ADR-010: MCP-First Architecture + Plan Engine

Decision record for the MCP-first research architecture with a custom PostgreSQL-backed plan engine over server-side LLM orchestration or off-the-shelf workflow frameworks.

Status: Accepted Date: 2026-03-21 (product spec, TRO-53 maturity analysis), implemented 2026-03-28 (TRO-18 MCP server), 2026-04-01 (TRO-66 plan engine) Deciders: Kyle Olson (Solo Founder)

Decision

Use an MCP-first architecture where Trovella acts as the project manager and external AI platforms (Claude Code, ChatGPT) do all reasoning. The research workflow uses a PostgreSQL-backed plan engine state machine with 6 plan states, 6 step states, and pure-function transition logic -- not a server-side LLM orchestration framework.

Key choices:

Transport: Streamable HTTP via Next.js route (/api/mcp), stateless per-request
Auth: PAT (trov_ prefix, SHA-256 hashed) at MVP; OAuth 2.1 deferred
Plan engine: Pure functions in packages/mcp/src/plan-engine/, no framework
Tools: 18 MCP tools across 5 categories
Execution model: Pull-based -- AI platform calls get_next_step, does the work, reports back
Audit: Two immutable logs -- plan_audit_log (business events) + mcp_tool_call_log (every tool call)

Context

Trovella's core product is AI-enhanced research. The fundamental question was: where does the LLM reasoning happen?

AI companies (Anthropic, OpenAI, Google) subsidize consumer subscriptions with VC funding -- users get 10-12x more compute through their $20/month subscriptions than they could purchase via API. Server-side API calls cost $3-15/M tokens; Claude Code reasoning is free to Trovella. This is not a cost optimization -- it is the founding product hypothesis.

The founder explored a traditional web chat UI approach in a separate POC project before Trovella. That experience made the cost problem visceral: replicating research workflows via direct API calls would cost ~$2,500/month per power user vs $0 with MCP-first.

The MCP server is not a feature of the product -- it is the primary delivery mechanism. The web UI handles onboarding, preferences, and admin dashboards, but day-to-day value delivery happens inside Claude Code and ChatGPT via MCP.

Alternatives Considered

Traditional Web Chat UI with Server-Side LLM Calls

Full control over UX, simpler mental model. Rejected because Trovella bears the full cost of LLM API calls -- $3-15/M tokens per user session. At power user levels, ~$2,500/month per user vs $0 with MCP-first. Users also must learn a new interface instead of using their preferred AI tool.

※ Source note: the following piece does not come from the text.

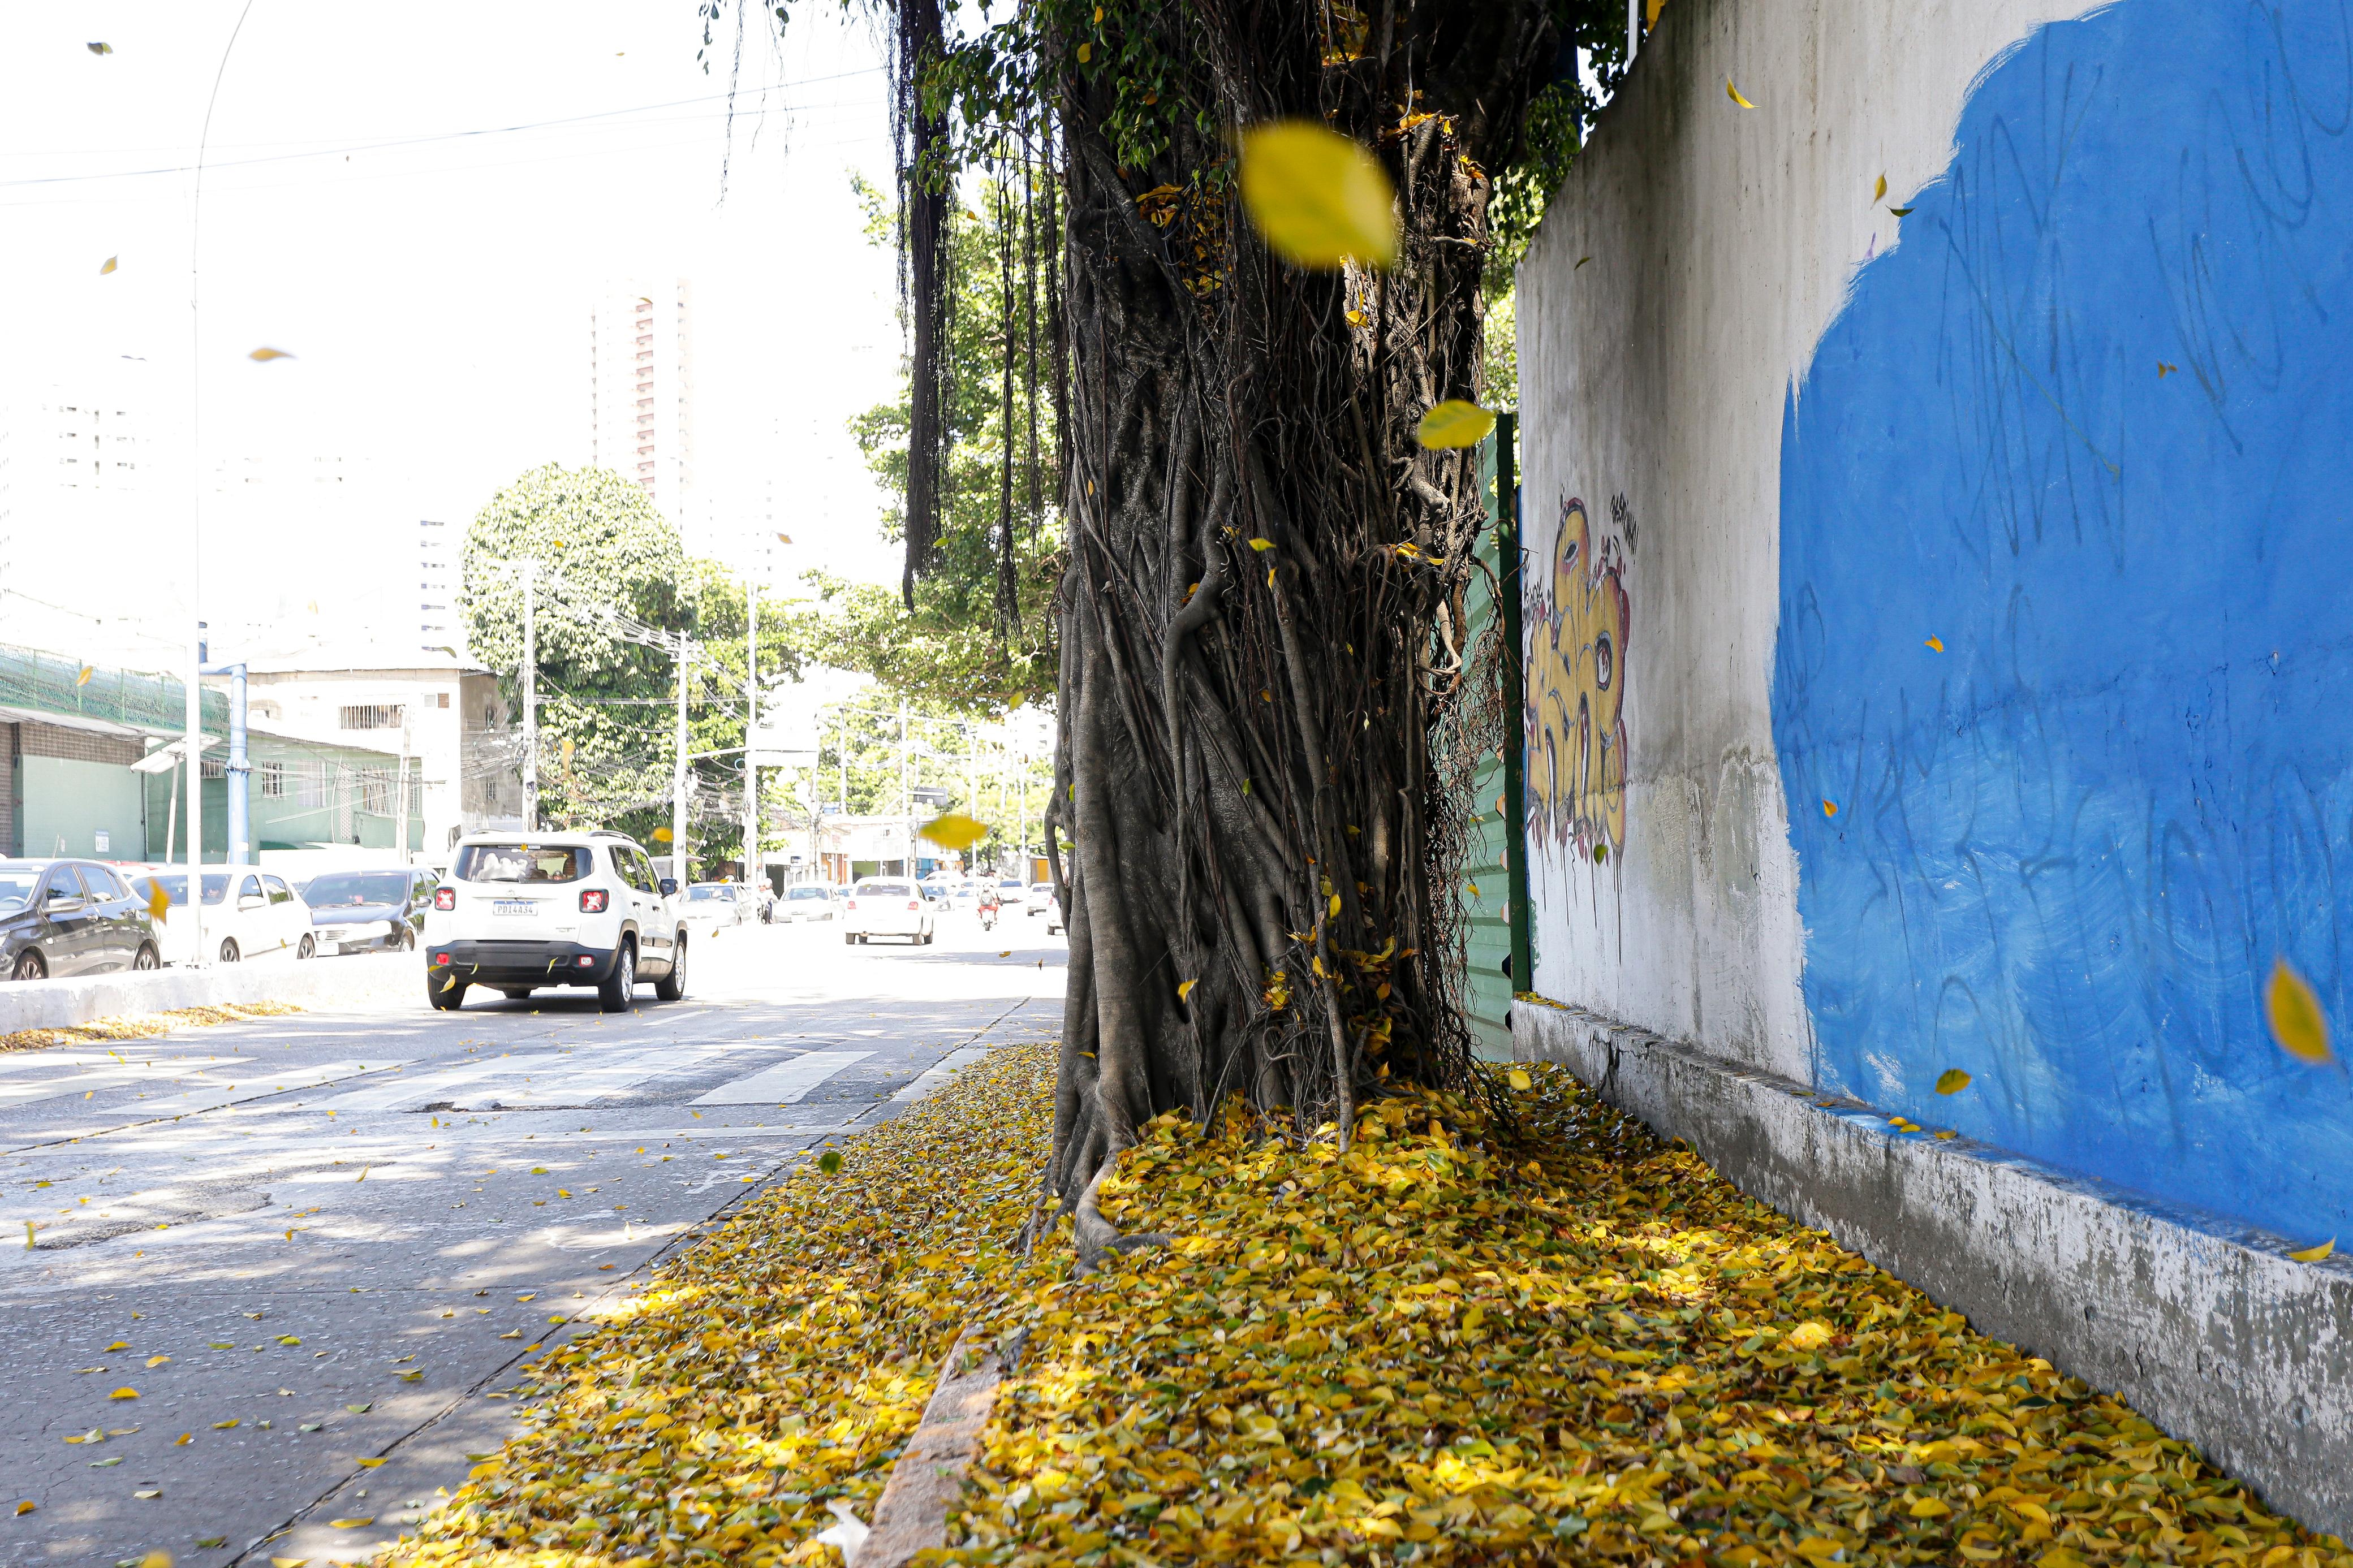 Foto de um trecho da avenida Norte, no Recife, durante o dia, iluminada pelo sol. À direita, há um muro com raízes de árvore crescendo junto dele e uma pintura azul desbotada. Uma árvore robusta está parcialmente visível, com muitas de suas folhas amarelas caídas no chão, criando um tapete natural ao longo da calçada e da rua. Ao fundo, carros estão estacionados ao lado de edifícios baixos sob um céu claro.

LangGraph / Push-Based Orchestration Framework

Mature graph-based workflow orchestration with built-in state management. Rejected because push-based models assume the server calls agents and pays for API tokens -- the inverse of Trovella's model where the AI platform pulls work from the server.

XState for State Machine

Formal state machine with visual editor, guards, actions, and parallel states. Deferred, not rejected. The current pure-function implementation is sufficient for ~10 transitions and more transparent to AI code generation. XState is the planned upgrade path when complexity demands it (10+ step types or 5+ branching conditions).

Standalone MCP Server (apps/mcp-server on Cloud Run)

Independent scaling and deployment lifecycle. Rejected because it matches the existing monorepo pattern (@repo/api -> /api/trpc, @repo/mcp -> /api/mcp) and premature for MVP. Can be extracted later if scaling demands it.

Implementation

Three-Layer Architecture

Skills (the instructor): Markdown files in .claude/skills/research/ -- not code, not server-side
AI Platform (the researcher): Does all reasoning, web searches, synthesis -- zero server LLM calls for the research phase
MCP Tools (the project manager): Stores plans, provides instructions, validates results, enforces structure

Pull-Based Execution

The AI platform calls get_next_step, server returns instructions, AI platform does reasoning, calls submit_step_result, server validates and advances state machine. The server never initiates work.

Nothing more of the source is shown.